One lesson worth previewing here: in the kinds of audits this workflow is built for, the headline risk is usually deployment posture, not unpatched CVEs. Firmware-patching is necessary but not sufficient. The highest-leverage remediation is almost always configuration-level — what is exposed, on which port, with which encryption, behind which authentication — and an AI-augmented audit gets you to those conclusions faster than working unaided.

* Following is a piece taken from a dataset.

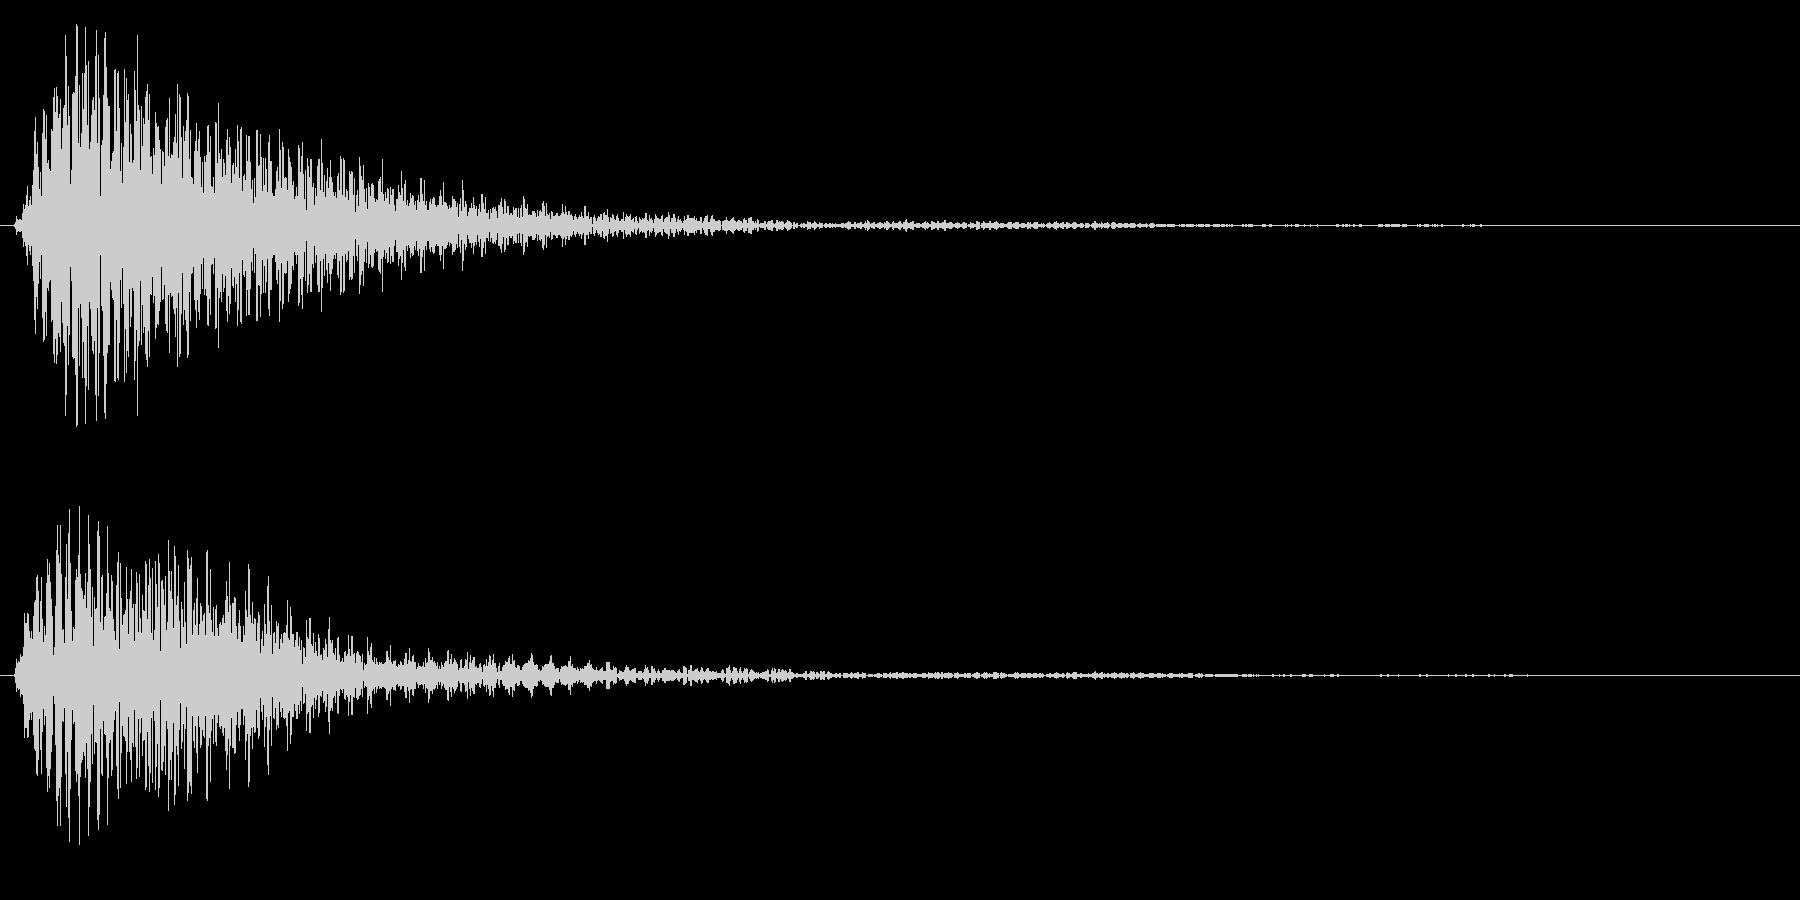 タッチ音/ポン/木琴の未再生の波形

What this guide deliberately does not cover

Penetration-testing certification material. OWASP WSTG, NIST SP 800-115, and the CREST CRT body of knowledge are referenced but not replaced.
Unauthorised access of any kind. Every technique is taught inside a lawful scope. Section 02 sits ahead of every technical section by design.
Adjacent disciplines. Web application testing, mobile, cloud, and social engineering are out of scope — this guide stays focused on internal IT and infrastructure audits.

Check yourself

Three questions on what this guide is for

Pick the option you think is right and expand it to see the verdict and a one-sentence explanation. These aren't trivia — getting any of them wrong means you've misunderstood something the rest of the guide will assume you've got.

Q1 / 3

Who is this guide intended for?

Professional penetration testers preparing for a certification exam.

No Section 01 names OWASP WSTG, NIST SP 800-115, and CREST CRT as bodies of knowledge this guide does not attempt to replace.

An SME in-house IT or security engineer auditing infrastructure they are authorised to test.

Yes The primary reader is a technically capable owner-operator running scoped audits on their own kit — no prior pen-testing training assumed.

Anyone who wants to learn how to break into IP cameras.

No Every technique in this guide is taught inside a lawful scope; Section 02 sits ahead of every technical section by design.

Q2 / 3

What does the workflow's "the assistant proposes; the operator approves" grammar describe?

A polite convention for talking about the AI in writing.

No The grammar tracks what actually happens in agent mode — and what the legal record will say happened — not a style preference.

The load-bearing safety property of the whole workflow: every tool call is a proposal that must be approved.

Yes Nothing runs without an approve click. The grammar exists because the boundary it describes is what keeps the workflow safe — and lawful.

An indication that the AI is restricted to read-only commands.

No The assistant can propose any command the MCP server exposes. What's restricted is execution without operator approval, not the range of proposals.

Q3 / 3

Does the architecture in this guide replace your judgement about which targets are in scope?

Yes — the container, the MCP server, and agent mode together enforce scope automatically.

No The architecture cannot tell whether a target IP is in your authorisation file. Only you can — Section 02 makes this explicit.

No — the architecture isolates and gates execution, but the authority to act on a given target is the operator's to establish.

Yes Container isolation and the approval gate are technical controls; scope is a legal and organisational one, and it stays with you.

Only when the target is on the public internet.

No Scope discipline applies equally to internal LAN targets — an unauthorised scan of a colleague's machine is still a CMA 1990 s1 offence.